Usually, I give a film the chance to redeem itself after a dreadful opening.

Sure, over the many years I’ve ventured out to the theater, I’ve seen my share of flops. I’ve written scathing reviews about placid products that didn’t deserve a second of my time – it’s a part of the job. But, do I ever want a film to continue in the same mistakes of its opening minutes? Nope.

Not since Zack Snyder’s musical train wreck Sucker Punch have I fought the urge to walk out of a film like I did while watching Snow White and the Huntsman.

While the trailers sold this film as a revisionist’s delight – the sort of game changing fairy tale reimagining that could both win over critics and audiences alike under the banner of its stellar cast and brilliant first-time direction – the final product ended up being something different entirely.

I knew this film was in trouble from the start. The film begins in a confusing narrated sequence where the audience learns of the wicked queen Ravenna’s (Charlize Theron) ascension to power. In a lazily scripted opener, the events unfold almost in spite of themselves, shoe-horning their way into creating a stage for the film. I know that you’ve got to get the ball rolling somehow, but I mean, seriously? The film’s manipulative beginning comes to light almost as effortlessly as Ravenna’s rise to the throne.

After the dreadful opening, I kept hoping the film would improve, but my wishes were never made a reality. The languished film never realizes its vision, and as the audience, we are the true victims to the failure.
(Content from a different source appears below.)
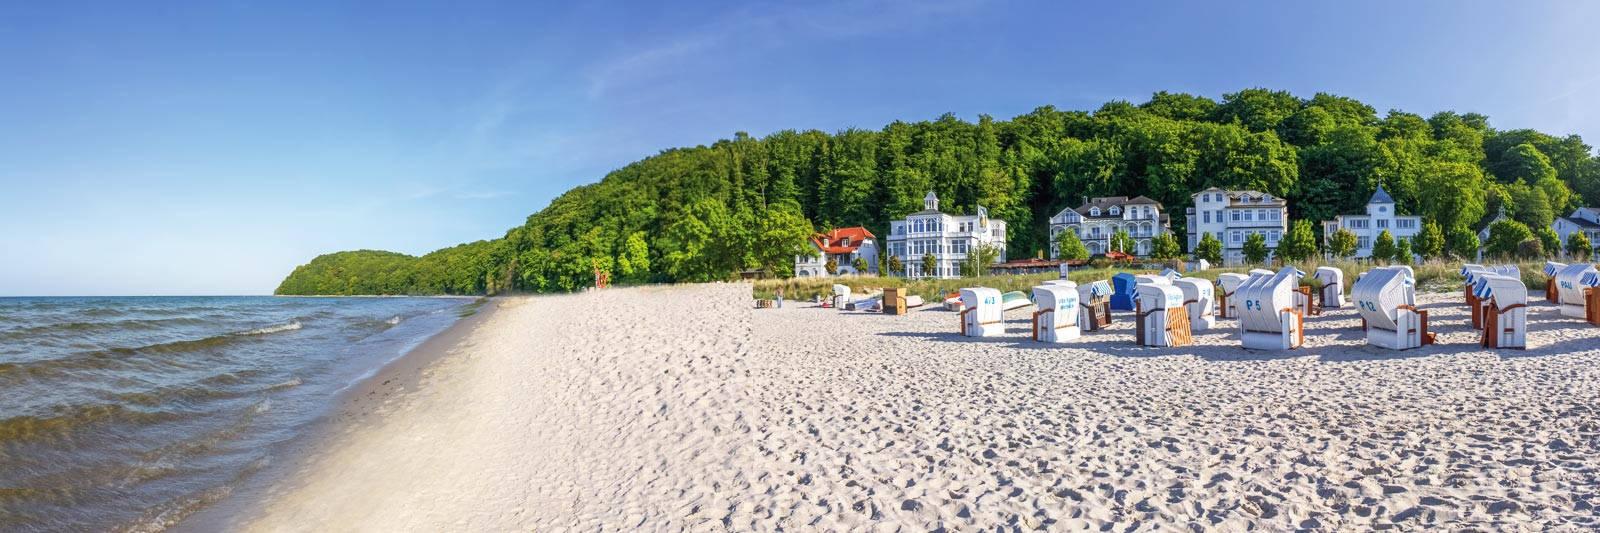 Angelurlaub auf Fischland-Darß-Zingst -  Ferienwohnungen, Ferienhäuser und Angelhäuser - tourist-online.de

Throughout the rest of the film, we are introduced to stock characters brought to life by committed performances, staggeringly misplaced visuals stifled by a lackluster, confused script and miscalculated direction.
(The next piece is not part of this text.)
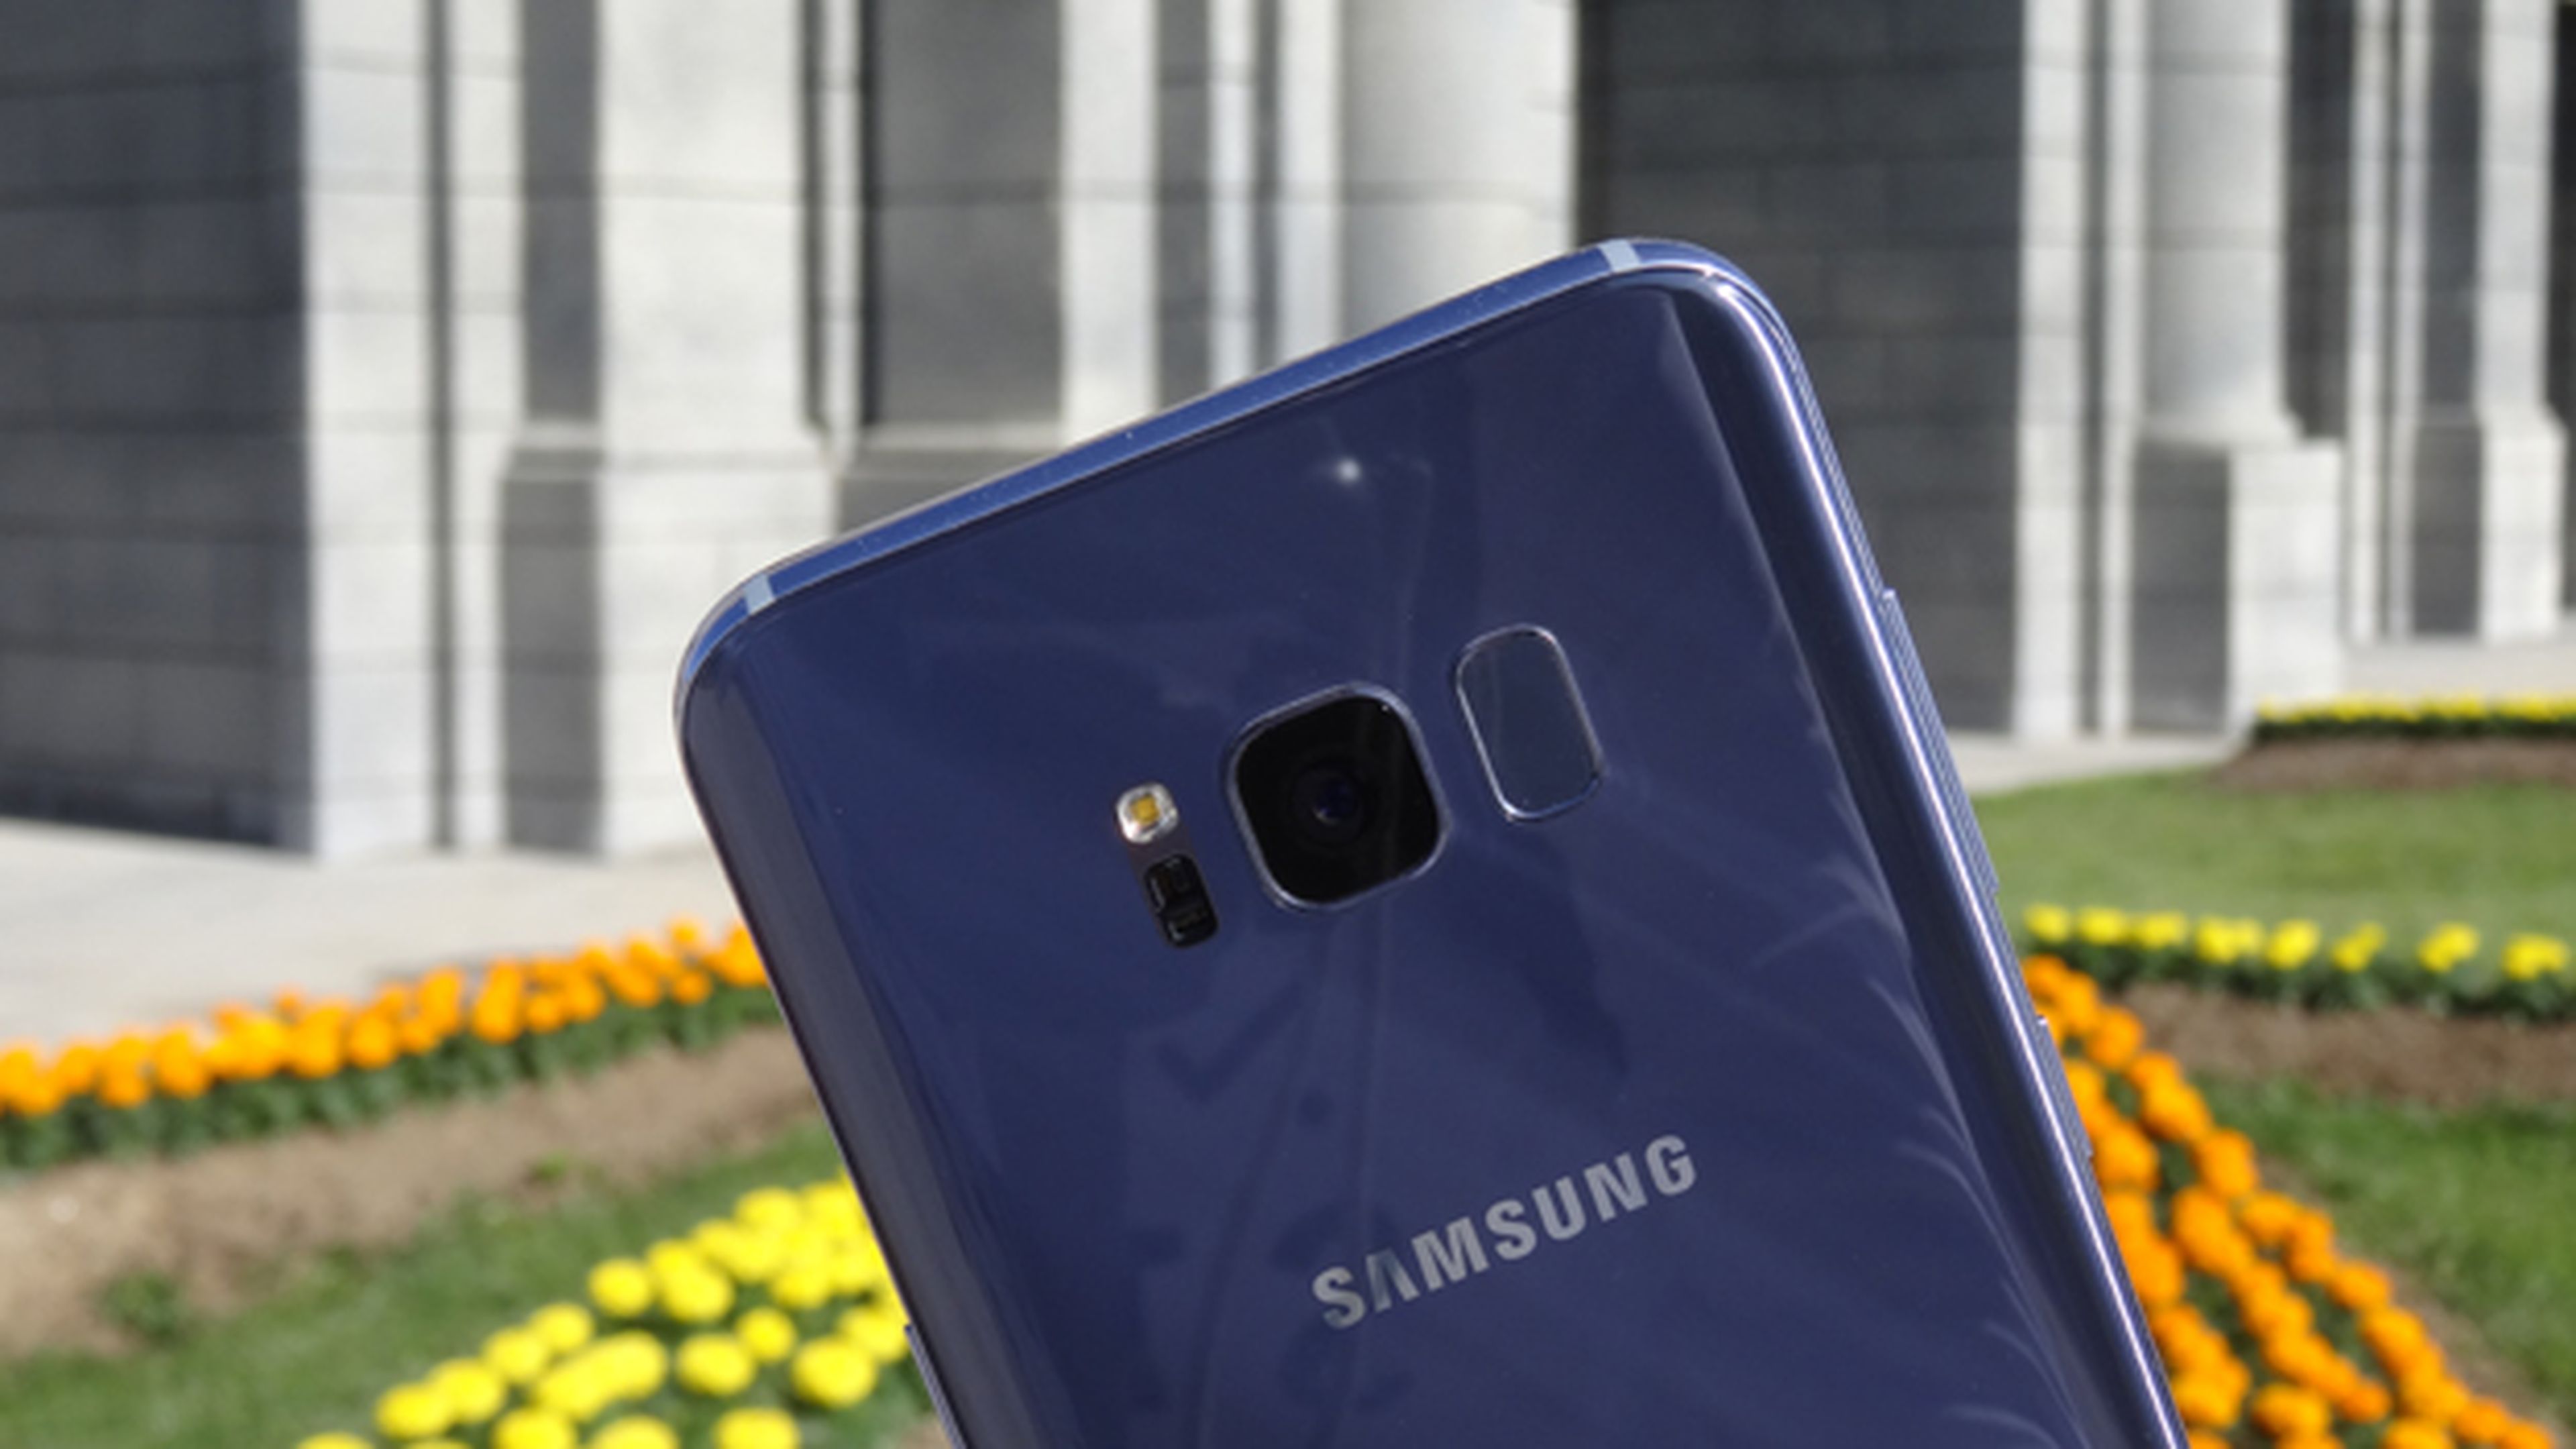 Cámara del Samsung Galaxy S8+, análisis y opiniones

As soon as Kristen Stewart’s Snow White is able to look the age of Kristen Stewart, further uninspired events unfold, leading Snow White to escape from her tower prison into the “dark forest,” a copy-and-paste job of the universes created by Guillermo del Toro’s Pan’s Labyrinth. From there, the villainous queen, needing to suck the beauty out of Snow White to gain immortal power, calls on the huntsman (Thor’s Chris Hemsworth), a brutish drunkard who apparently is no stranger to the dark forest, to seek out Snow White. Reluctantly, the huntsman ventures out into the fray with a band of the queen’s not-so-merry men to seek out the ransomed Snow White.

Then, some more stuff happens, we meet the one-note dwarves, some deer with gigantic hooves turns into butterflies, and you know, I really don’t want to continue to talk about the plot because the writers sure didn’t give a care in the world for it to make any level of coherent sense.

Snow White and the Huntsman is the classic example of an idea gone awry. Sure, the film hosts some stunning visuals. I can’t deny this. While it’s nothing necessarily new or innovative, the filmmakers do give the audience something to look at. Again, in fairness, the cast also seems devoted to the material. Theron’s queen is pretty entertaining to watch, Hemsworth gives the huntsman his all, and Stewart’s Snow White does the best she can with the horridly written character.

But, therein lies the problem.

These characters and events are so undercooked it’s not funny.

The queen, with a forced backstory, ends up being some power-hungry villain from the story book cupboard of stock bad guys. Snow White is simply a plot device. The huntsman is the typical reluctant hero with pain in his past. The dwarves are simply comic relief that never live up to their original purpose. The other characters are simply inserted into the story to fill up names in the credits.

The film’s narrative structure also fails due to the poor characterization. Why in the world should I be invested in the happening of your movie if I could care less about the characters?

You’ve always got to put the horse before the cart. Before you try to tell some epic story that riffs off the style of Peter Jackson’s Lord of the Rings series, make sure the players in the game garner audience goodwill.

I’m always disheartened to see a film go off the tracks like Snow White and the Huntsman, but this really feels like a colossal hit-and-miss attempt at greatness. First time director Rupert Sanders seemed like he really wanted this film to be a true game changer. But sadly, he and the screenwriters failed to capture enough content to match the visual presentation. You can create all the “cool looking” sequences you want. If they don’t mean anything, what’s the point?

In the end, Snow White and the Huntsman proves that style can never triumph over material.